You should be able to add reviewers since you already created the PR.

yaoyuannnn · 2021-07-13T06:29:34Z

Also can you resolve the issue in the CI build?

mrbeann · 2021-07-13T08:56:15Z

@yaoyuannnn Hi Yao, I resolve the CI problem. But add a reviewer can only be done for the owner of this repo according to the following answer,
https://stackoverflow.com/questions/32262295/adding-a-reviewer-to-a-github-pull-request

yaoyuannnn · 2021-07-13T19:11:56Z

@yaoyuannnn Hi Yao, I resolve the CI problem. But add a reviewer can only be done for the owner of this repo according to the following answer,
https://stackoverflow.com/questions/32262295/adding-a-reviewer-to-a-github-pull-request

Thanks! That's interesting. In GitLab, the author can select reviewers so I thought GitHub would be the same. Maybe assignee should work.

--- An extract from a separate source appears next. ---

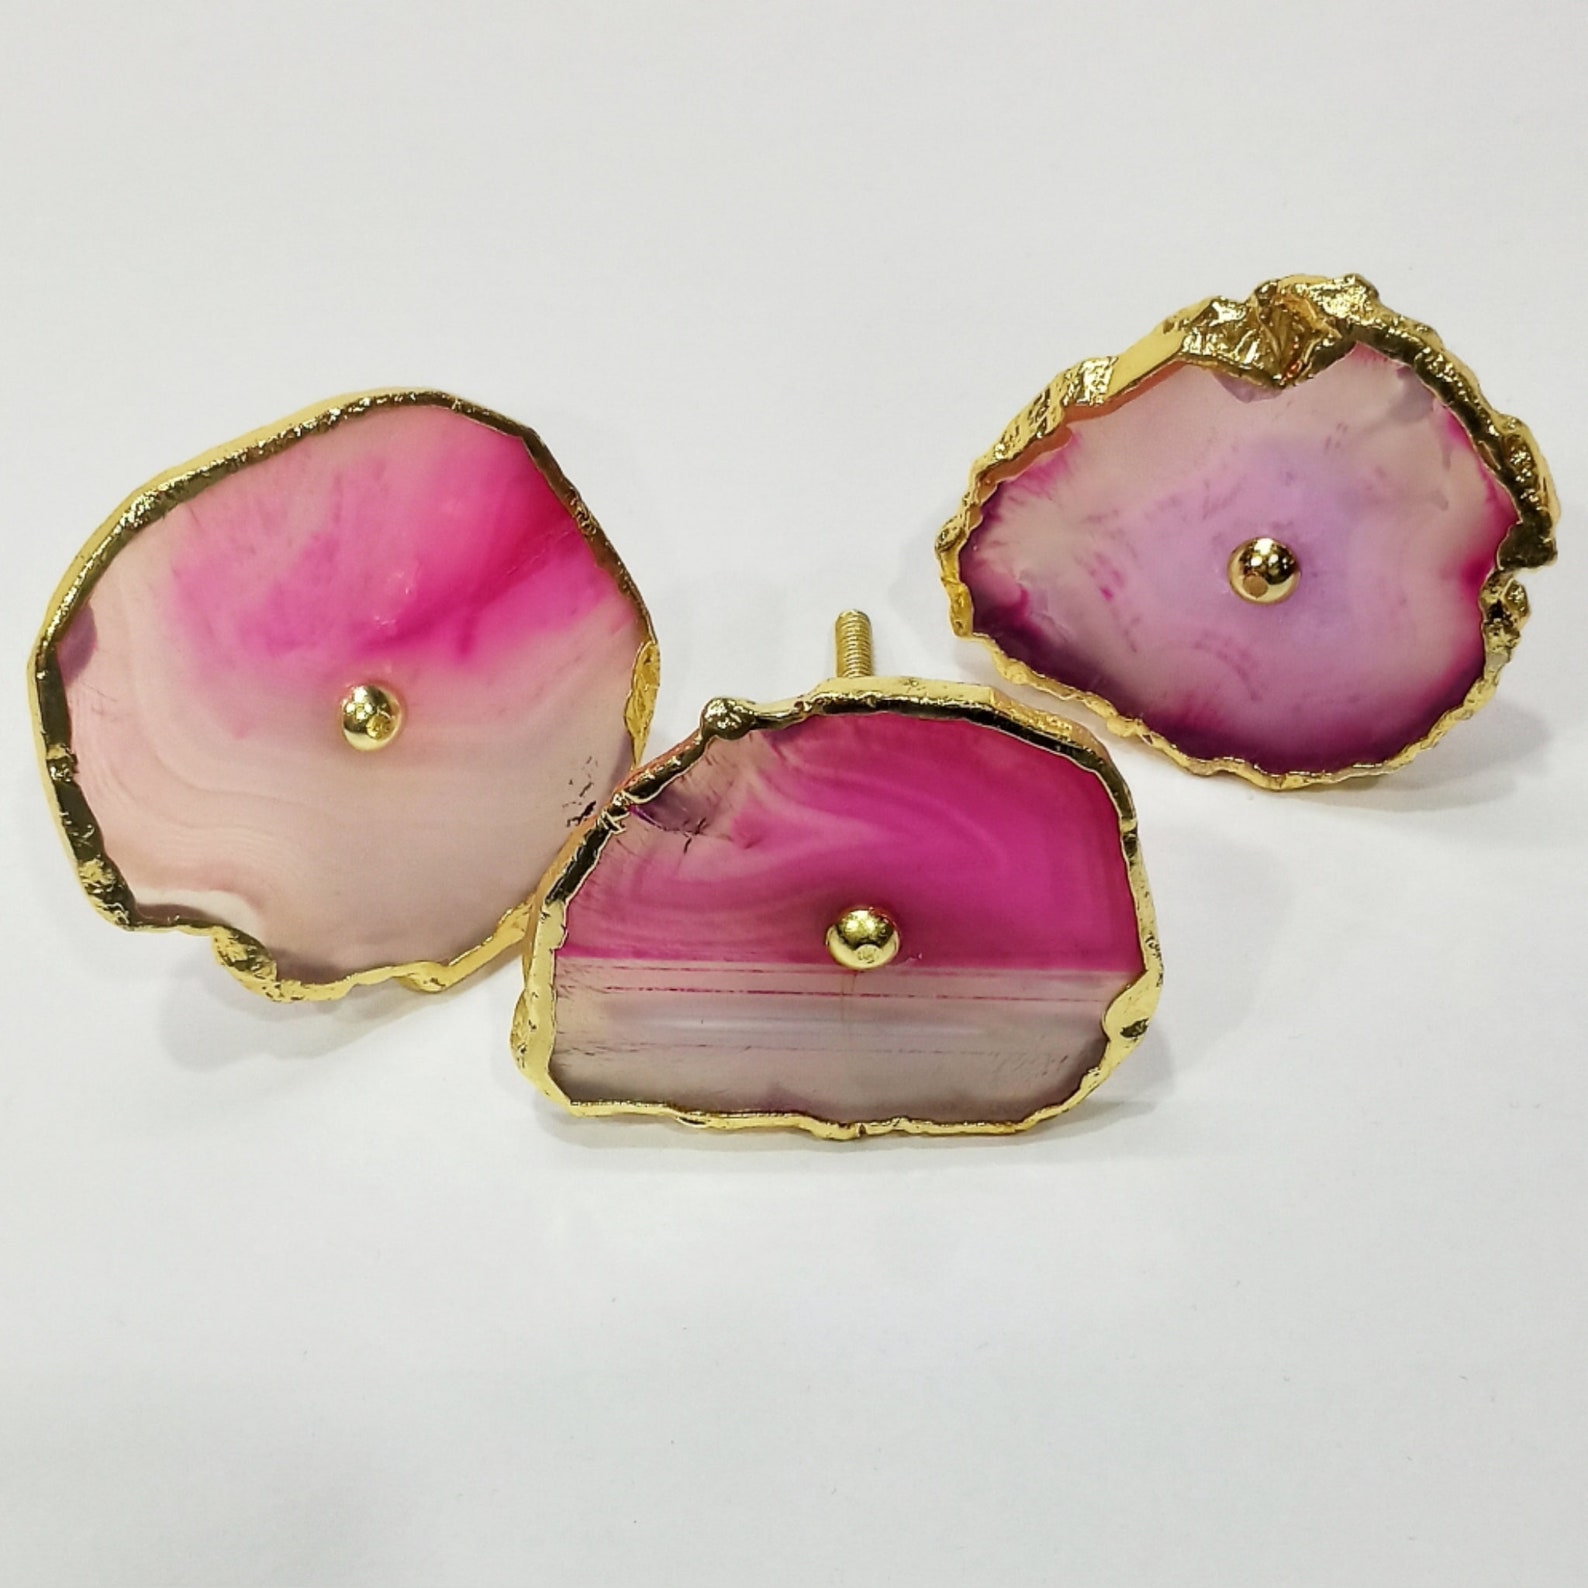 Decorative Solid Pink Agate Knobs, Drawer Pulls, Fancy Agate Knobs ...

I will review this PR tonight. Thanks for contributing to the SMAUG project :)

yaoyuannnn · 2021-07-13T02:59:06Z

.gitignore

@@ -0,0 +1,3 @@
+build/
+experiments/
+smaug/operators/padding_op_test.h


Why putting this file here?

Yes, please remove this file from this PR. You are welcome to send a separate PR with a .gitignore if you like, but if so, it should only contain build products, not other code (like padding_op_test.h).

Mainly to facilitate my development. But I think adding the initial two lines would be beneficial to this repo (the third line is meaningless now). But I can delete the file if you think it doesn't make sense.

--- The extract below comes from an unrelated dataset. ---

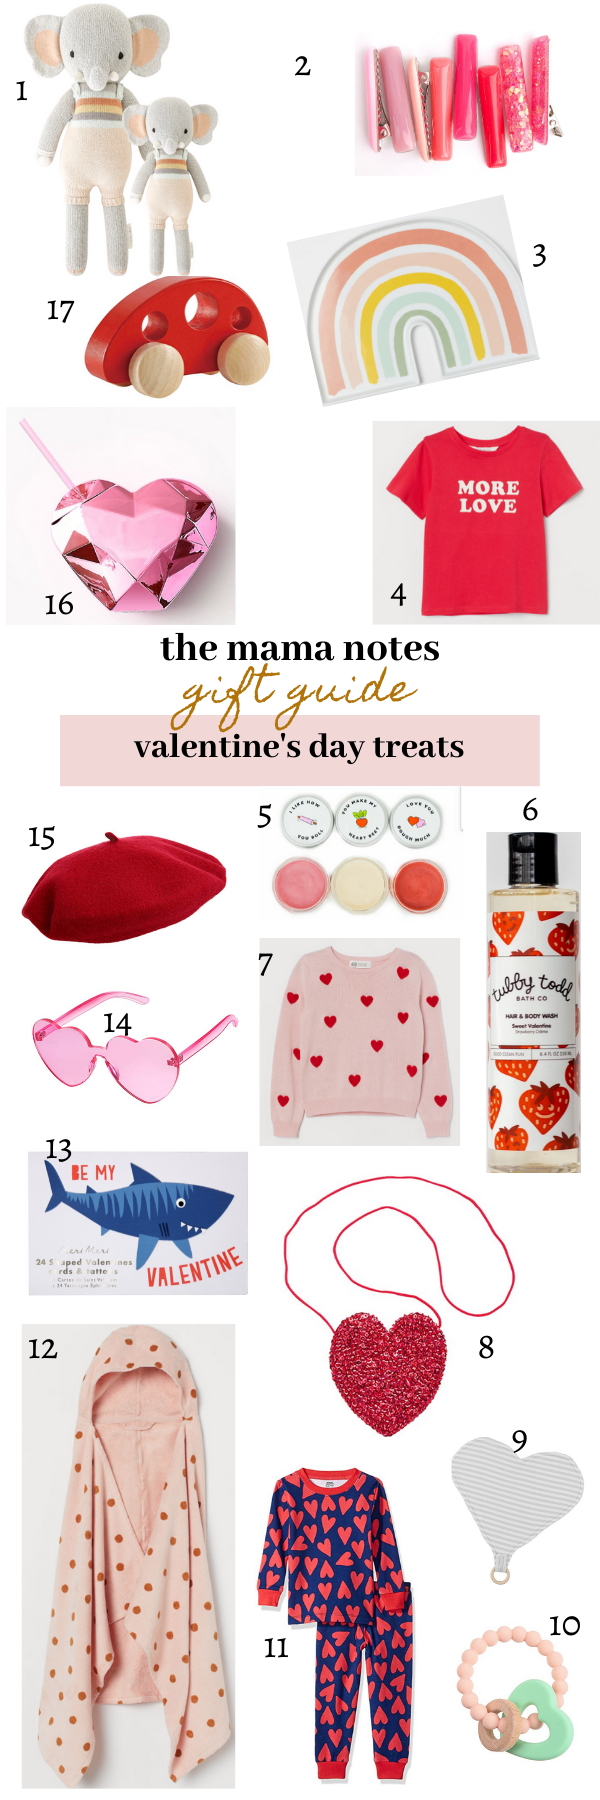 https://themamanotes.com/wp-content/uploads/2020/01/valentines-day-gifts.png

yaoyuannnn · 2021-07-13T03:01:08Z

smaug/core/backend.cpp

@@ -1,38 +1,39 @@
 #include "smaug/core/backend.h"
 #include "smaug/operators/batch_norm_op.h"
+#include "smaug/operators/concat_op.h"


Code rearrangement generally is confusing :) Moving forward, please move this to a separate PR.

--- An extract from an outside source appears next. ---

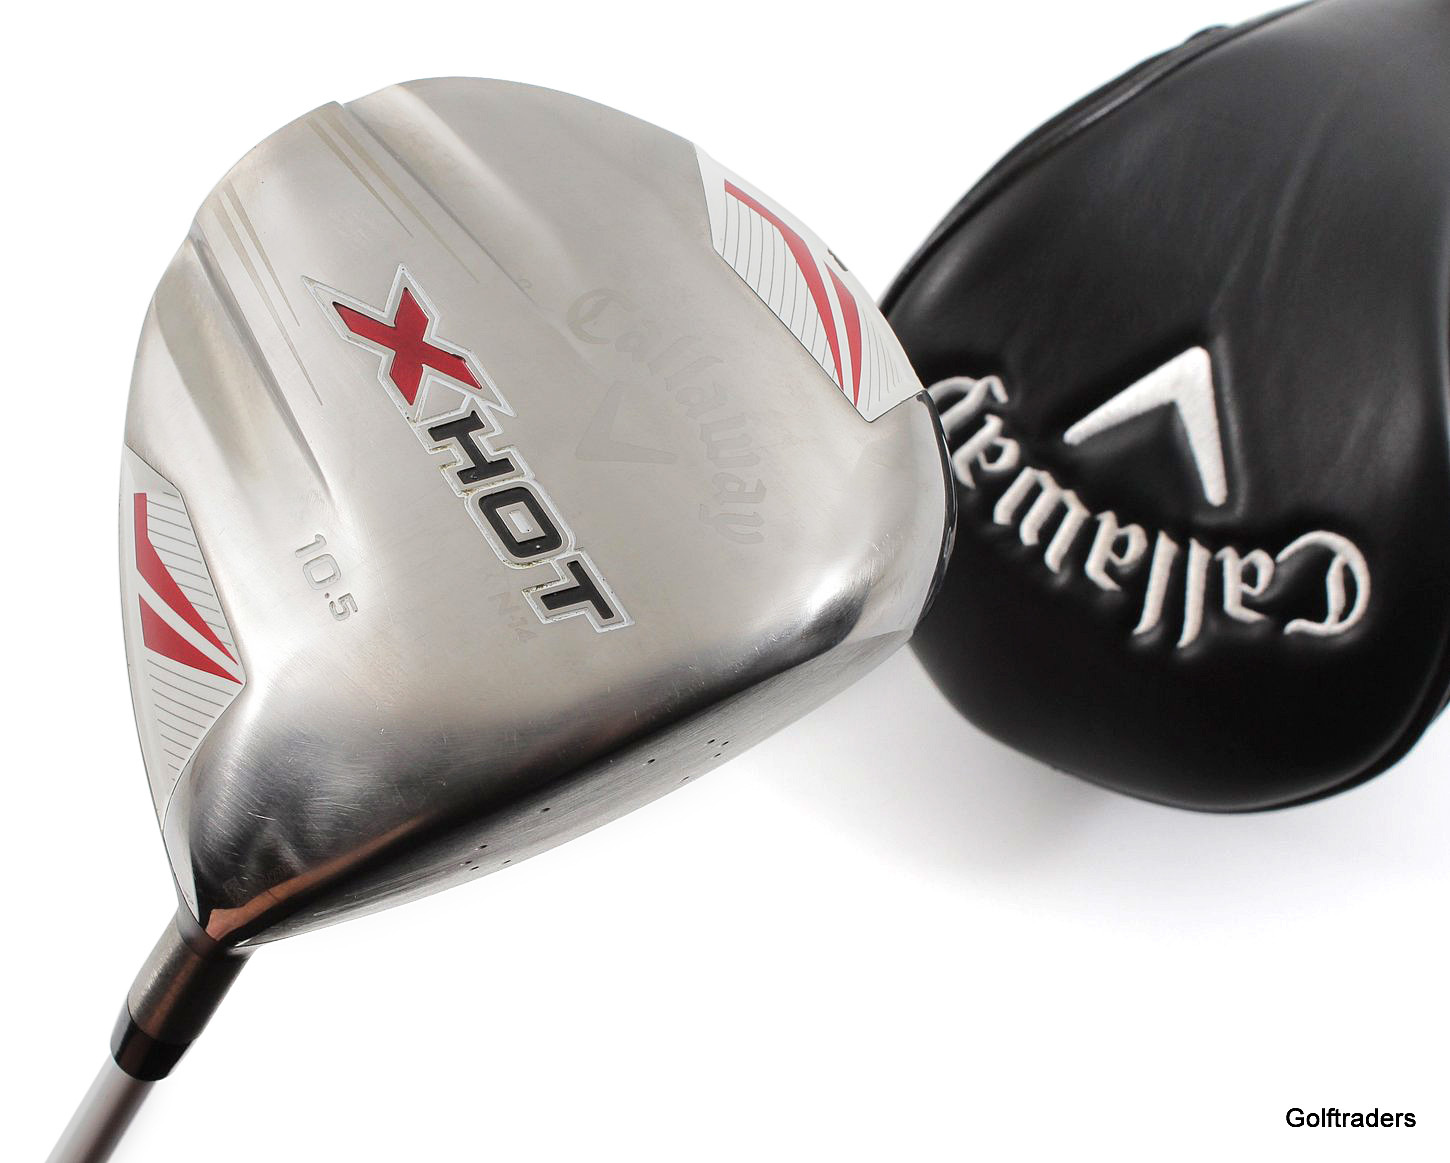 review of callaway x hot driver

I definitely appreciate you sorting all the includes in alphabetical order! It's certainly cleaner than before. But yes, refactoring and code cleanups should be done separately if it's not related to the main PR purpose.

I'll fix this

yaoyuannnn · 2021-07-13T03:02:32Z

smaug/core/backend.cpp

-const unsigned kEltwiseOpHw = 0x0003;
-const unsigned kBatchNormHw = 0x0004;
-const unsigned kPoolingHw = 0x0005;
+const unsigned kConvolutionHw = 0x0001;   // 0x0001;


I can't remember exactly, but we do want these accelerator blocks to be traced with different accelerator IDs. @xyzsam for his perspective.

Yes, leave this unchanged here; there is an argument for both sides but regardless, it should not be done in this PR.

This is based on the advice @xyzsam gives for another problem. But it is not relevant to this PR. I'll delete it.

yaoyuannnn · 2021-07-13T03:03:11Z

smaug/core/network_builder.cpp

@@ -1,56 +1,57 @@
-#include <iostream>


Again, it'd better to put the code rearrangement into a separate PR.

I'll fix this.

yaoyuannnn · 2021-07-13T03:26:22Z

smaug/operators/padding_op.h

+    }
+
+    /** Set the number of padders of the Tensor along each dimension. */
+    void setPadder(const int& val) {


Why not make this support different padding size on different dimensions like TensorFlow (https://www.tensorflow.org/api_docs/python/tf/keras/layers/ZeroPadding2D)? Judging from the implementation, I think this is for 2D input tensor? If so, it's better to rename it to Padding2DOp.

I think it would be relatively straightforward to make this support tensors with any number of dimensions and arbitrary padding size along all of them, so we should do that instead. The copyTensorRegion API should work regardless.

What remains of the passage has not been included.